AI Agent Engineering

Chapter 2

Conversation

The code we wrote in Chapter 1 has no memory and every call to LLM is a fresh start. If you ask the model your name, then in a second call ask "what did I just tell you," it has no idea.

Some products go further and remember things about you across entirely separate sessions: your name, your job, the project you mentioned last week. That continuity is what makes them feel like a real assistant rather than a fancy autocomplete.

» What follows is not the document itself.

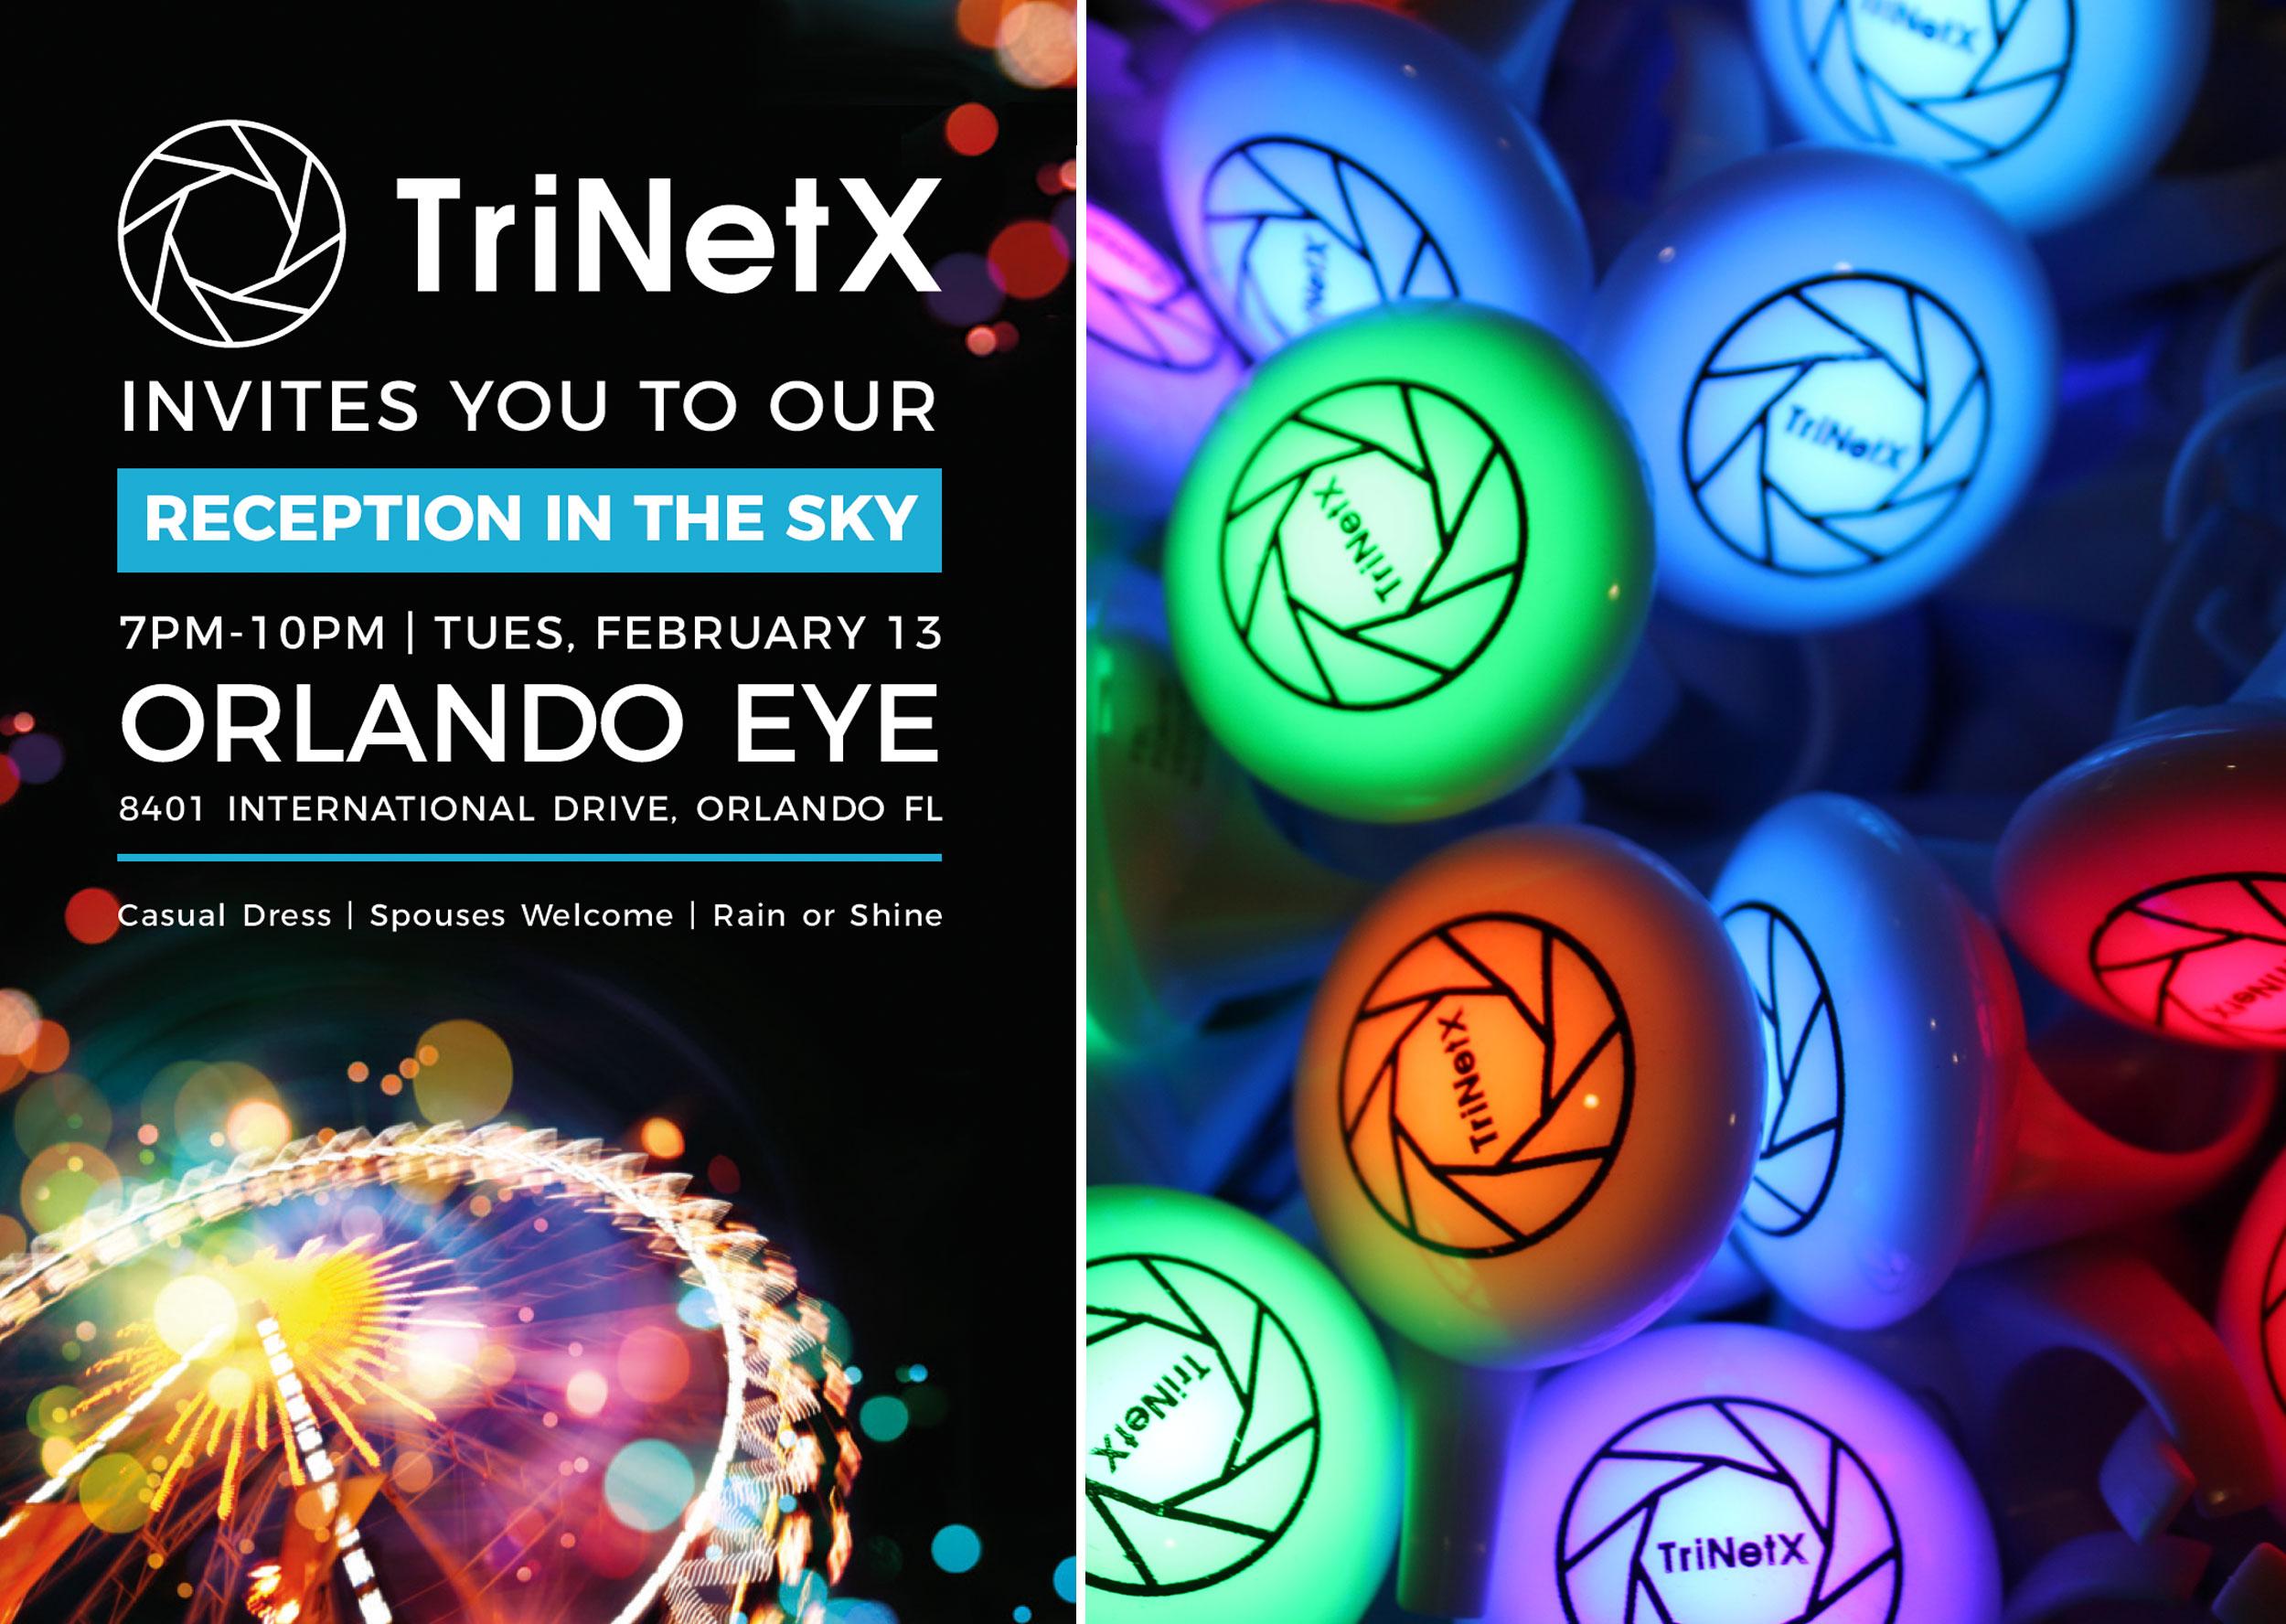 Orlando Eye Event

In this chapter we will fold our current code into a small CLI tool that holds a conversation across turns by accumulating messages in a list.

The model is stateless

In Chapter 1 we already briefly mentioned that the model has no memory. Each call to messages.create is a function from a list of messages to a reply, and forgets everything the moment it returns [1]. Re-sending the whole history every turn is, on its face, wasteful, and we will pay for it in tokens. But it is also what makes the API trivial to reason about because the model has no hidden state.

The accumulation pattern

The pattern under creation of the conversation looks like this:

1. Start with an empty list.
2. User says something — append a {"role": "user", "content": ...} entry.
3. Send the whole list to the model, get a reply back.
4. Append a {"role": "assistant", "content": reply} entry.
5. Go to step 2.

Some important concepts to notice here:

  • The model never sees its own previous responses as assistant events generated by some external system. It sees them as part of the input in the same way it sees user messages.

  • There is no concept of a "session ID." The conversation is the list.

  • Roles strictly alternate. The Anthropic API combines consecutive same-role messages for you [2]. Other providers vary, with some rejecting that shape outright. Our pattern alternates by construction, so we will not have to worry about this until we start receiving tool calls in Chapter 7.

Building the CLI

Let's come back to main.py and wrap our existing call to the model into an llm function like this:

def llm(messages):
    response = client.messages.create(
        model="claude-opus-4-6",
        max_tokens=1024,
        messages=messages,
    )
    return response.content[0].text

Two small improvements before we move on. A docstring — a one-line summary at the top of the function, following PEP 257 [3] — explains what the function does to anyone reading it, and tools like Sphinx [4] can turn those into browsable HTML docs. And type annotations, while not enforced at runtime, document expectations at the call site and let static checkers like mypy catch a class of bugs before you run the code [5]. Both together yield the following result:

def llm(messages: list[dict]) -> str:
    """Send a list of messages to the model and return the reply text."""
    response = client.messages.create(
        model="claude-opus-4-6",
        max_tokens=1024,
        messages=messages,
    )
    return response.content[0].text

From here on we will assume both practices throughout the book without calling them out each time.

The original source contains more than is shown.